Fazit: Unendliche Fahrzeit. Aus der Wertung genommen. Beweis, daß nach „geht nicht mehr“ noch ne Menge geht. Es noch ein „wir“ gibt ;-) Sägezahnstreckenprofile von jetzt an als kritisch gelten.

3. Etappe – Grüne Hölle ( oder Mad East light)

Jetzt mal relaxt-Wolkenbruch- Fatalismus

Daten: 75,5km, 1948hm

Die Sintflut kommt vom Himmel, ganz sicher! In Regenkomplettmontur stehen wir im wie ich finde dezimiertem Startfeld unter der Bahnhofsüberdachung. Überaschenderweise tut gar nichts so richtig weh! Heute gilt: wir starten erst mal und alles andere ist Zugabe. Diese Einstellung bringt Lockerheit ins Spiel und schon per se Gewinn. Außerdem KANN es jetzt kaum mehr schlimmer werden. Der Regen hält an, wir schlingern über Felsen, Schlamm, Waldwege. Aussichten haben wir heute kaum, da die Strecke v.a. im Wald verläuft. Alles dampft, die Brillen beschlagen, es gibt nichts Trockenes oder gar Sauberes am Radler…. Mit Kontaktlinsen geht es, man hat noch die Wahl. Erik mit Brille ist stark gehandicapt. Wir schieben des Öfteren eigentlich fahrbare Passagen, da einfach kein Durchblick herrscht. Stürze würden mitunter ziemlich steil den Hang runtergehen….nein danke! Auch nach 30km ist wettertechnisch keine Besserung in Sicht, so dass wir uns als Team entschließen, die Sache zu beenden. Ich kann dazu nur sagen: Wat´n geiles Gefühl nich mehr zu müssen :-) Wir biegen in die Zielgerade und alles ist wieder gut.
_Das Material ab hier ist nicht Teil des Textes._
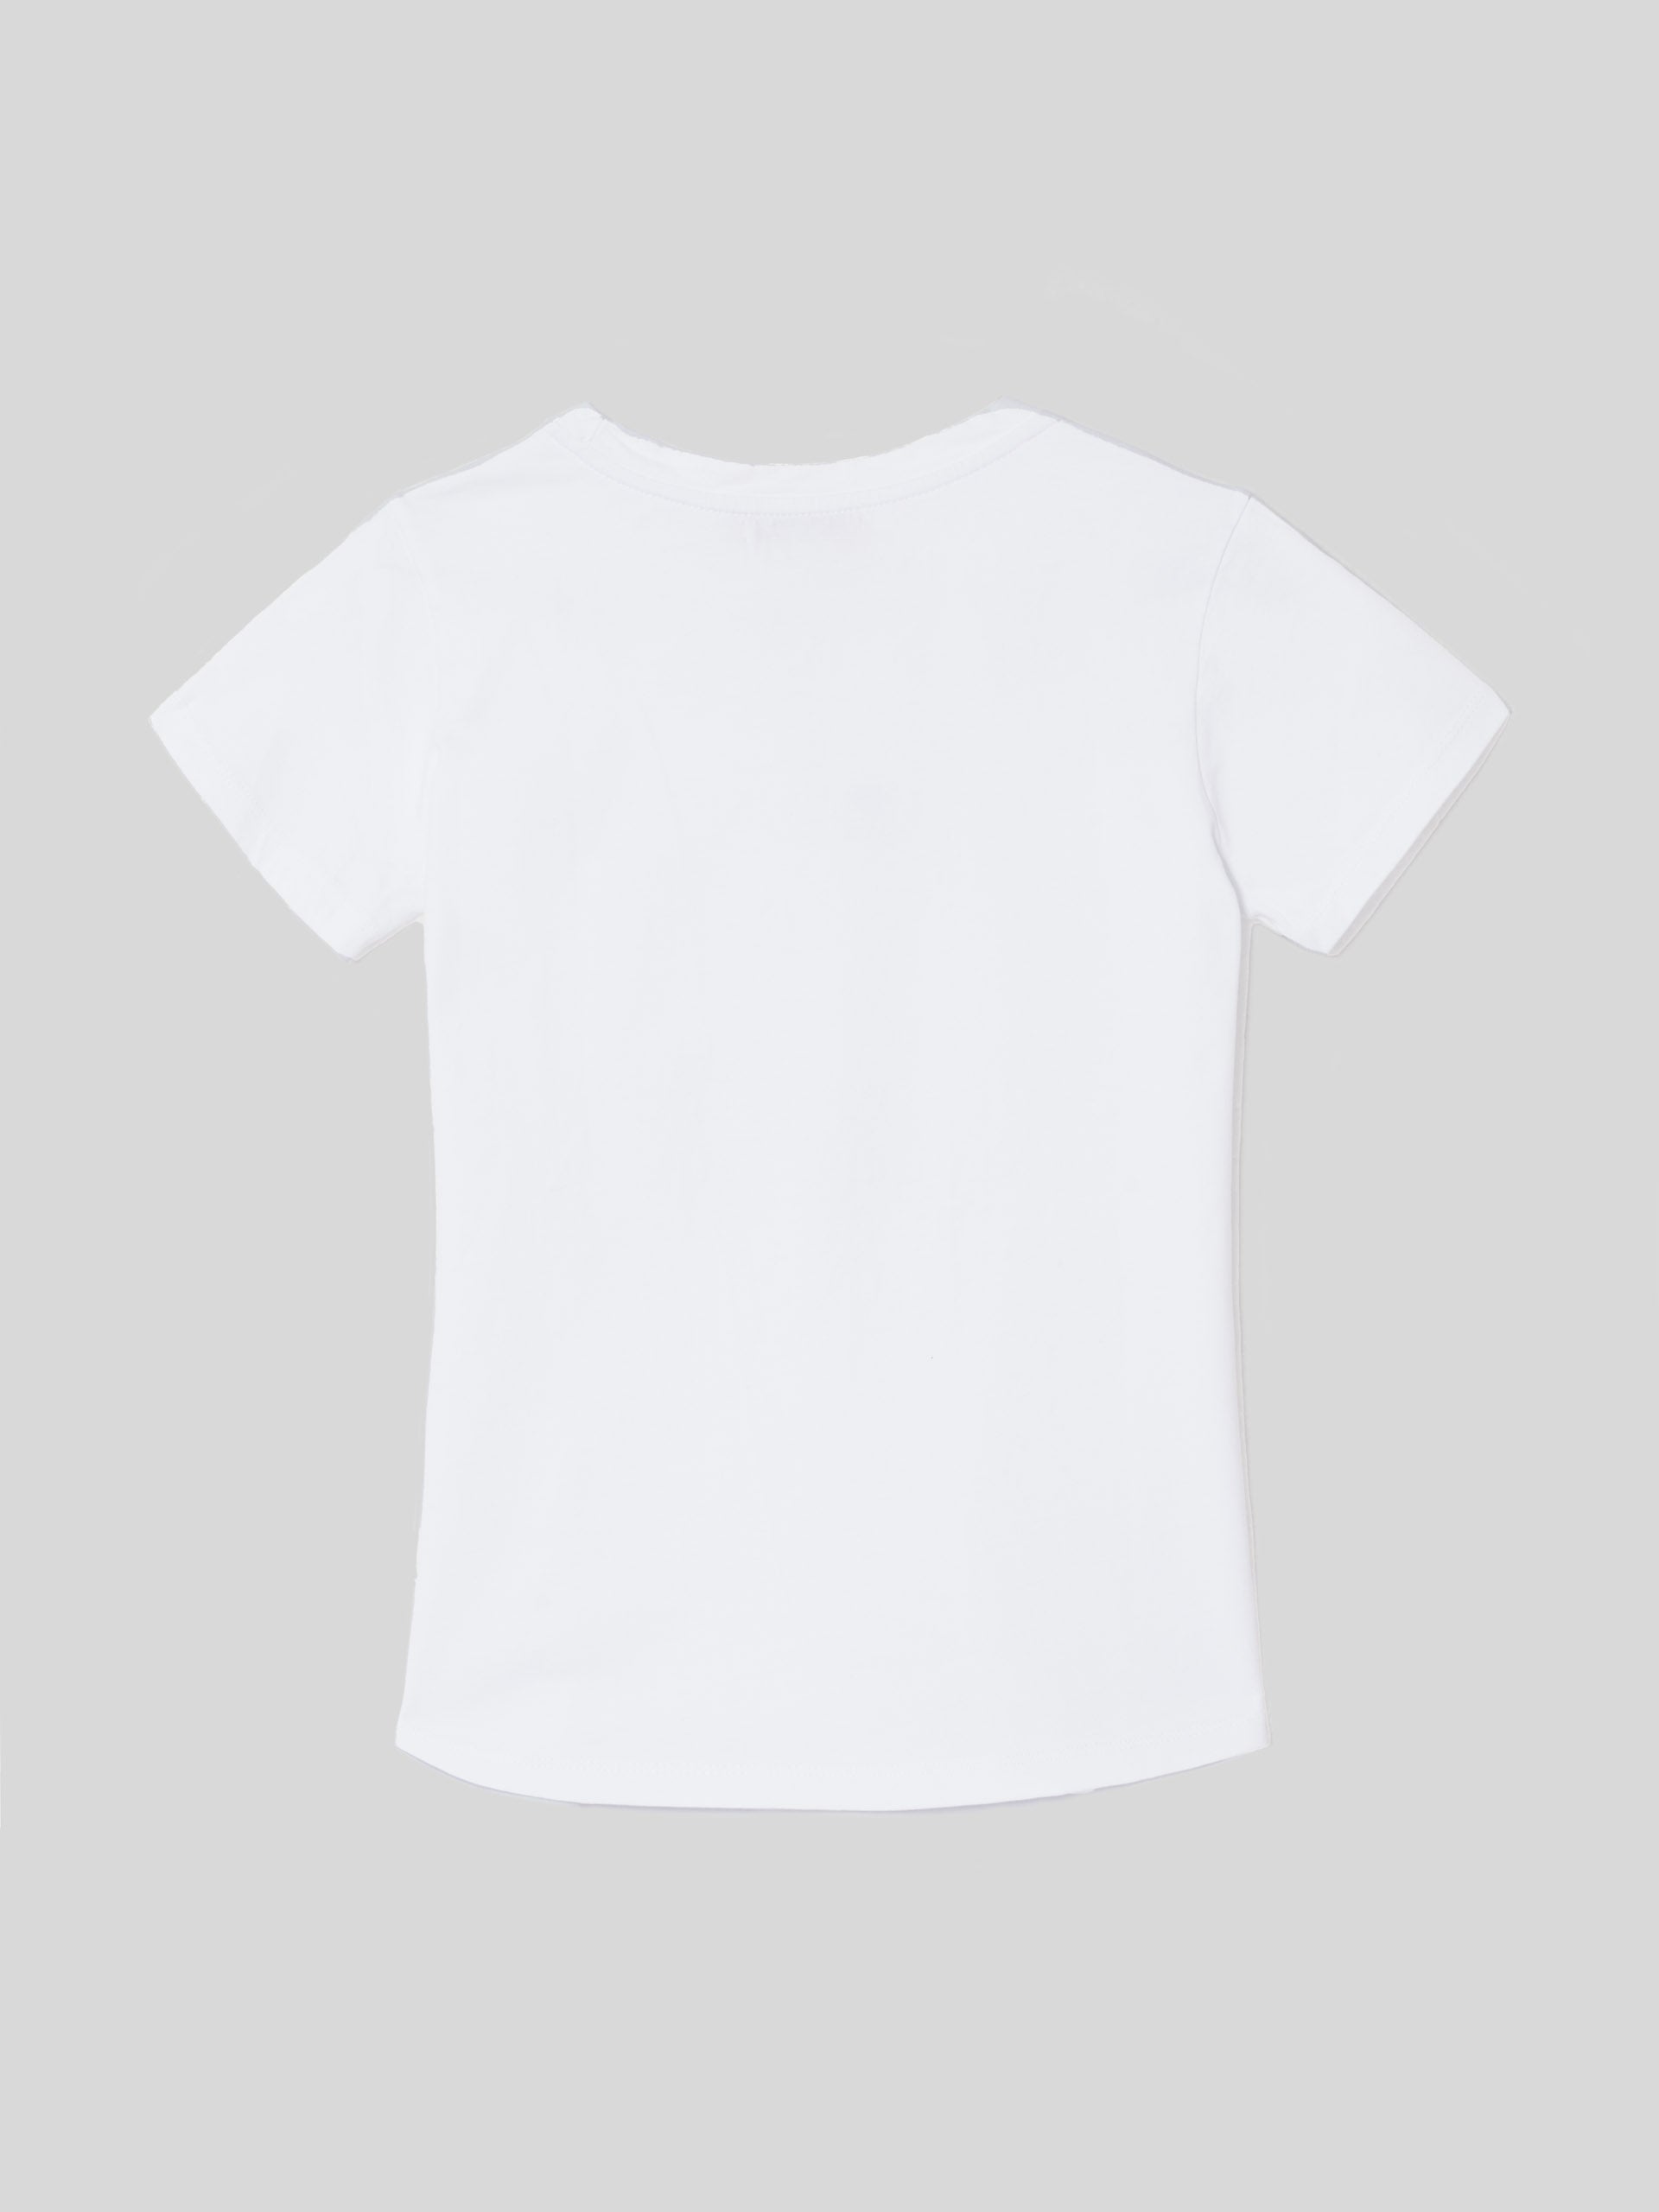 Camiseta woman clasica blanca

Fazit: Ordentliche Leistung. Nach Regen und Schlamm kommt noch mehr Regen und noch mehr Schlamm. Im Trainingsbereich besteht Luft nach oben. Der Regen hört dann auf wenn´s eigentlich auch egal ist. Weißbier und Riesenschnitzel ist definitiv angemessen! Das Finisher-T-Shirt ist hart verdient.

 

Rückblick: Geniale Veranstaltung, Super Orga und Stimmung. Unser (ziemlich bittersüßer) Einstieg in die Etappenrennwelt. Beste Nudelparty ever! Und ob man´s glaubt oder nicht: Nächstes Jahr wieder und dann aber ALLES.

Nach dem Rennen ist vor dem Rennen.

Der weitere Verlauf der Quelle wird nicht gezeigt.